A Galaxy S26 Ultra camera leak makes a very specific impression: people photos that look more like the person in front of you, not a warmer, yellowish version. The claim comes from a post by tipster Ice Universe and suggests that Samsung is optimizing both the color matching and optics of the camera.

The same leak says Samsung has reduced lens flare with an updated lens and revised coating. It’s not the kind of change you brag about in a keynote, but it can make the difference between whether a portrait looks clear or slightly blurry when a bright window, streetlight or neon sign sneaks into the frame. However, Samsung has not confirmed any of this.
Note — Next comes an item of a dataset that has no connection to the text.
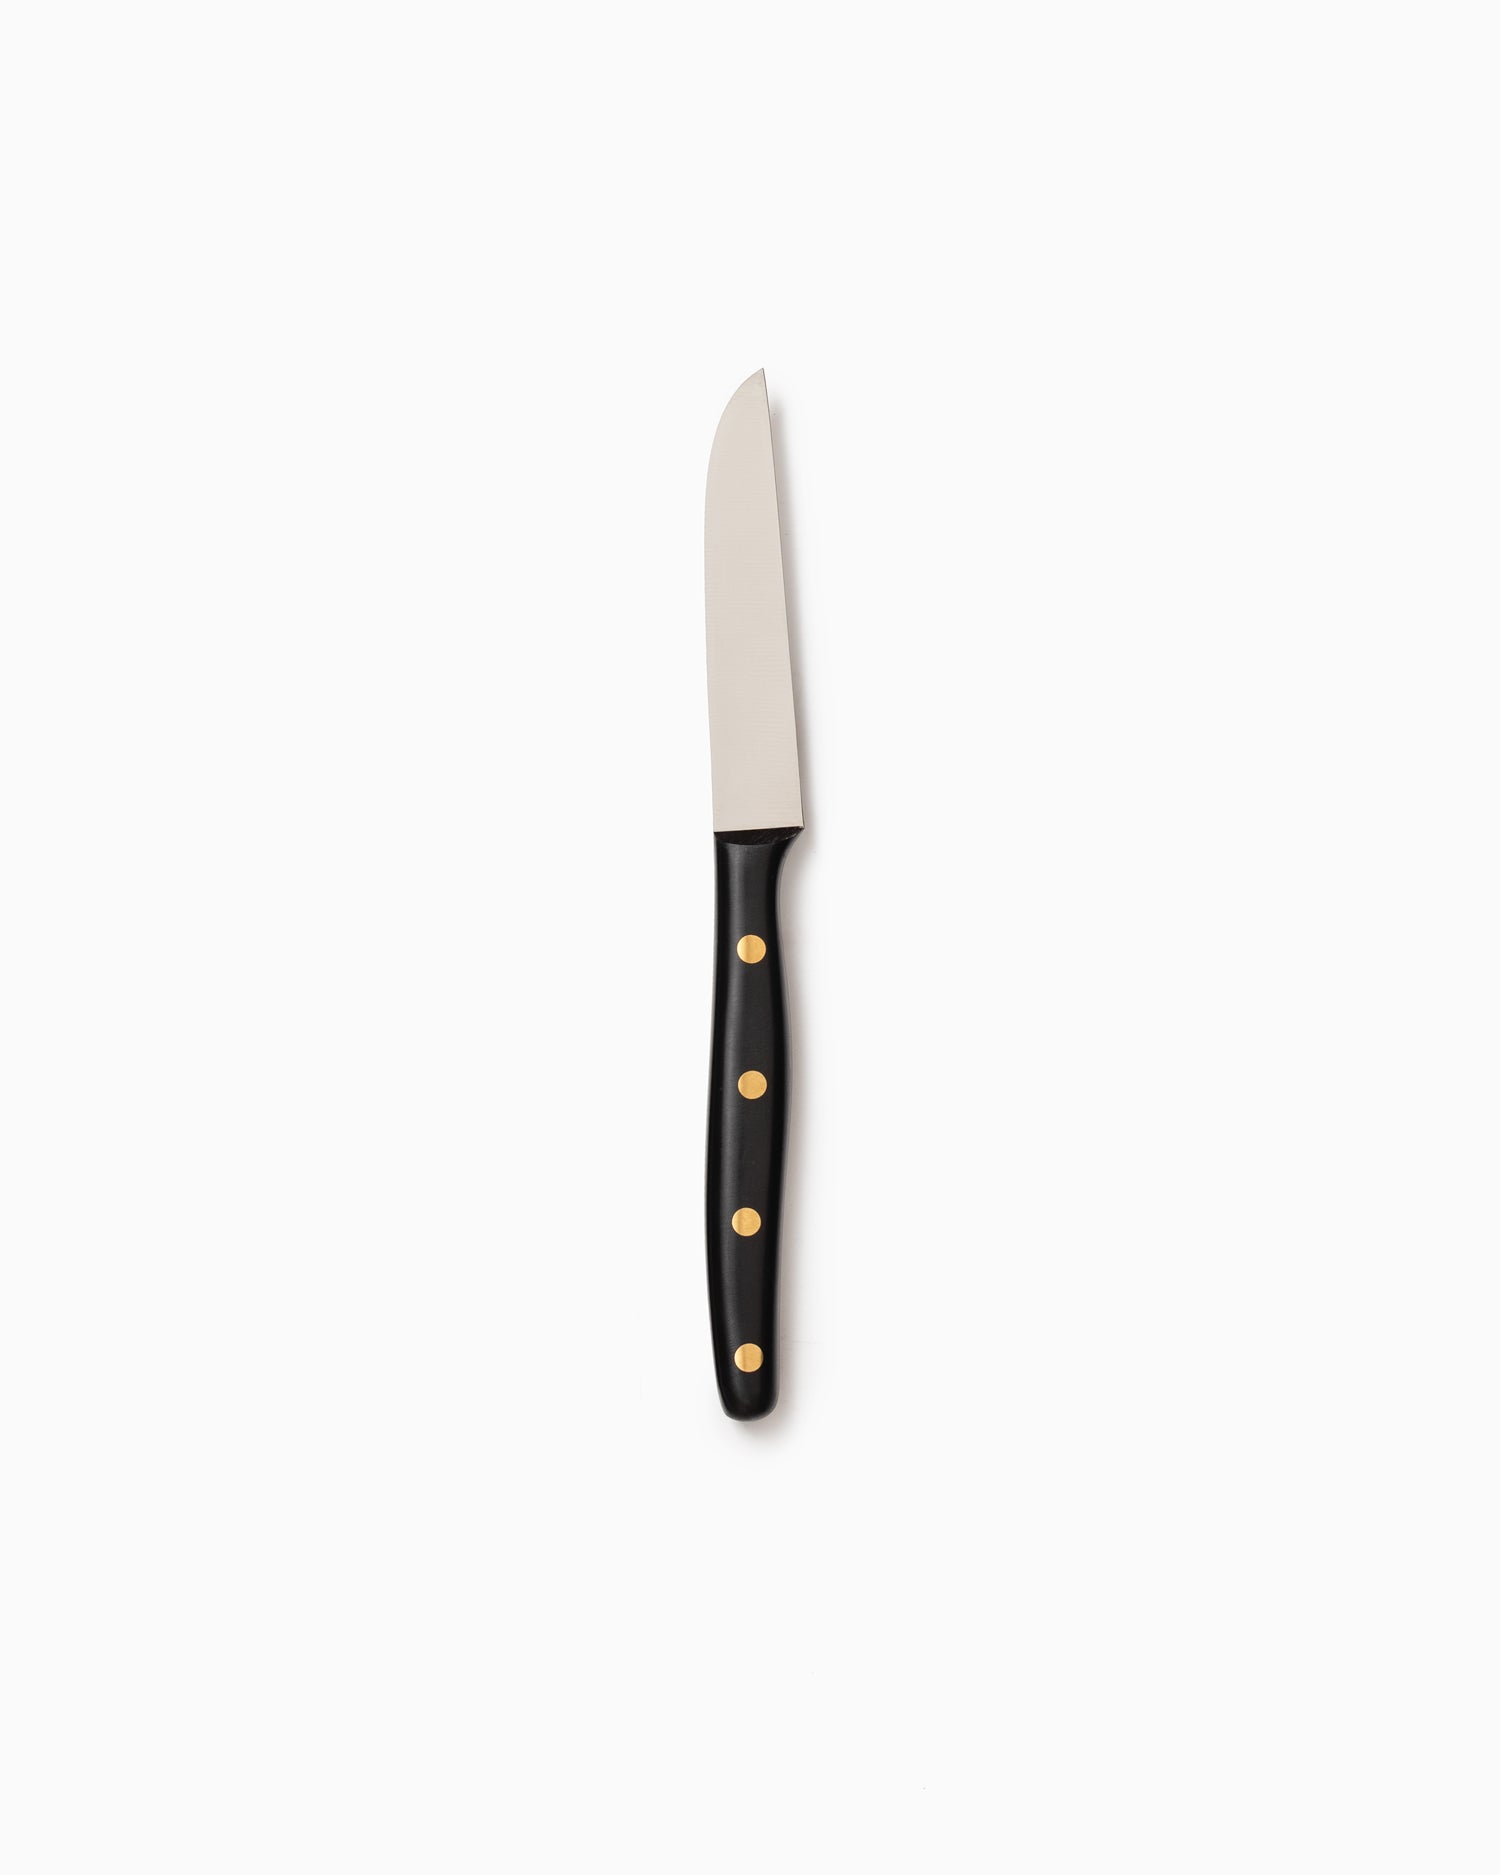 Robert Herder K1 Kitchen Knife - Stainless
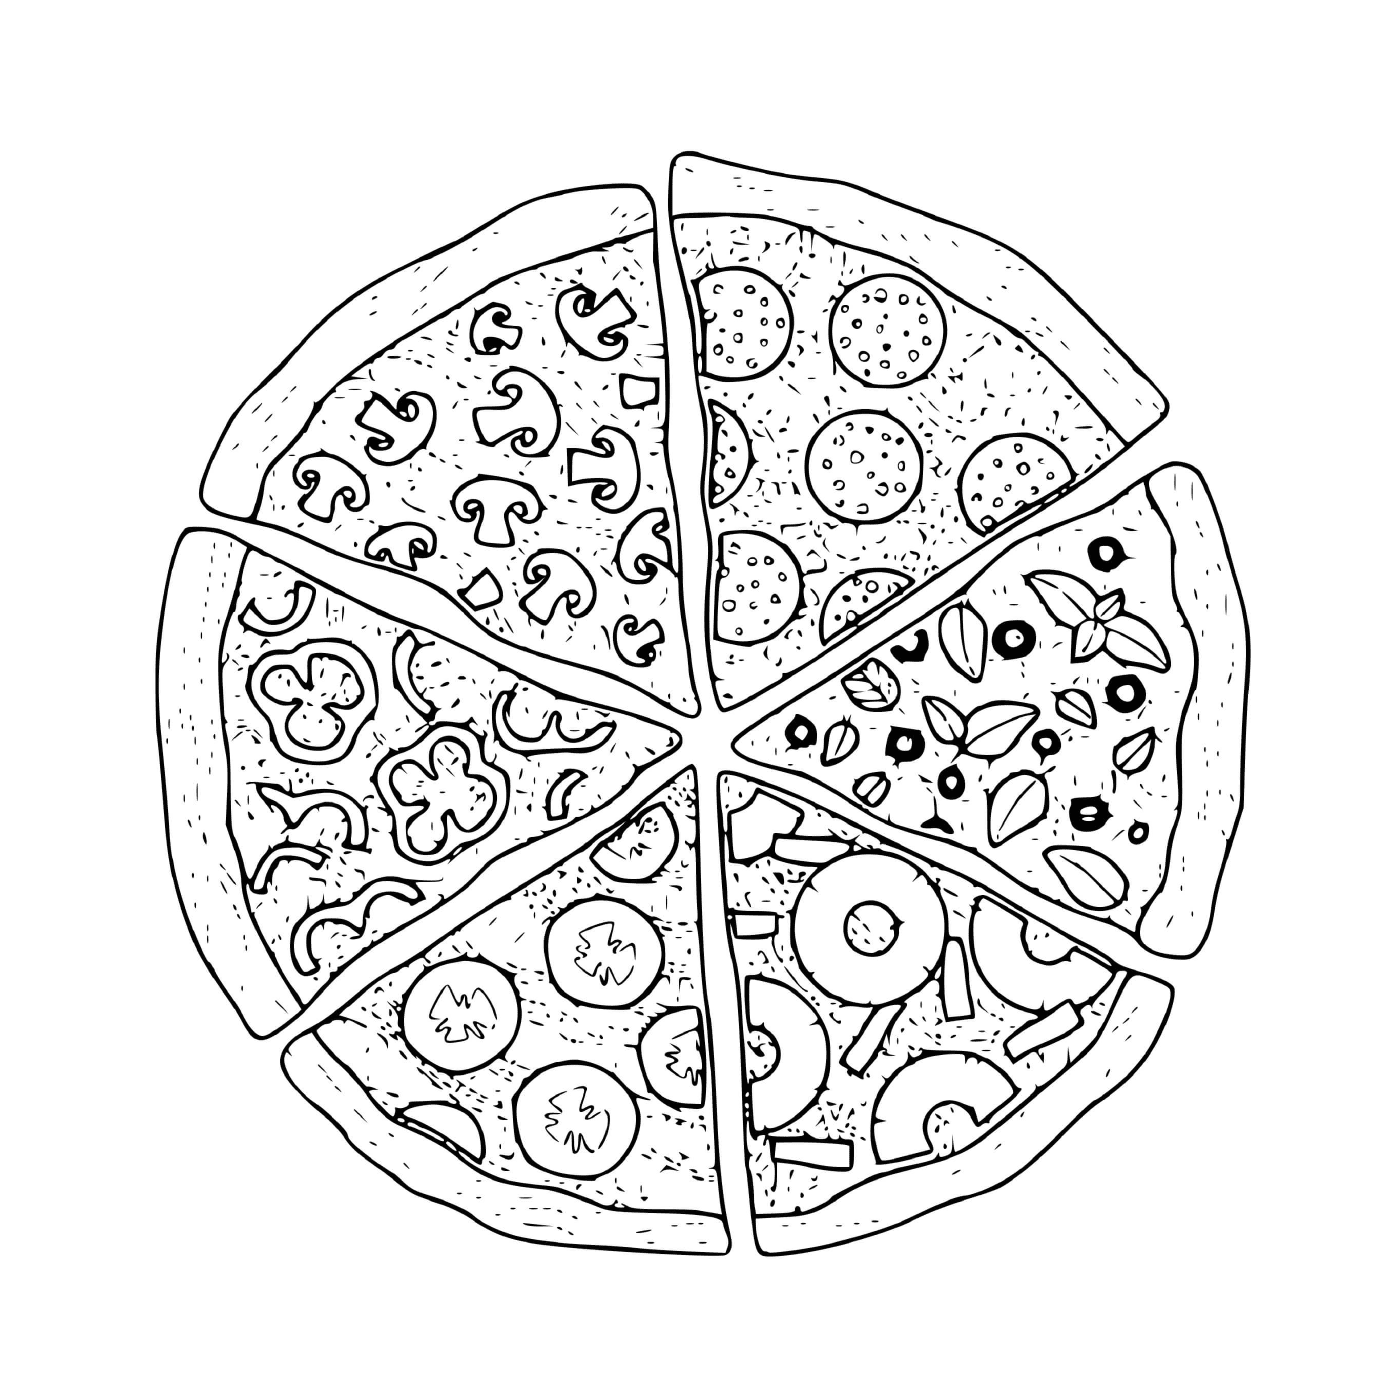  Diversi tagli di pizza

Portrait paint is the giveaway

Skin tone is the quickest way to tell the “flavor” of a phone camera. If the processing is too warm, faces can appear indoors; the effect is intensified in mixed lighting.

We’ve pointed out this exact look in previous Galaxy reviews. In a camera test between the Galaxy S23 and Galaxy S21, it was found that the S23 rendered a subject “a little yellow,” which is basically the complaint Samsung is addressing according to this leak.

Flare can also accumulate. Stray reflections and streaks around bright highlights can dull contrast on a face, and we’ve seen this in recent comparisons, including the camera shoot between the Galaxy S25 Plus and iPhone 16 Pro, which showed flare in portrait situations.

Why a little optical optimization is important

If this rumor is confirmed, it won’t be the new megapixels, but cleaner images. Lens coatings and processing options can change what you get in everyday shooting, even if the spec list looks familiar.

This is timely, as the general S26 chatter has continued to evolve. The Galaxy S26 camera upgrade rumor may not be what you’d expect, so a fix you notice on every portrait could be more important than a small hardware glitch.

What you should consider before purchasing

When the first hands-ons arrive, skip the flattering sample galleries and look for repeatable stress shots: backlit faces, mixed indoor bulbs, and night portraits with harsh spot lighting (streetlights, spotlights, bright signs). These scenes demonstrate both skin tone matching and the question of whether coatings truly reduce haze. If Samsung has improved facial color and reduced glare, it should be quickly apparent in these side-by-side comparisons.

Check out the best camera phones now if you can’t wait for these leaks to become available.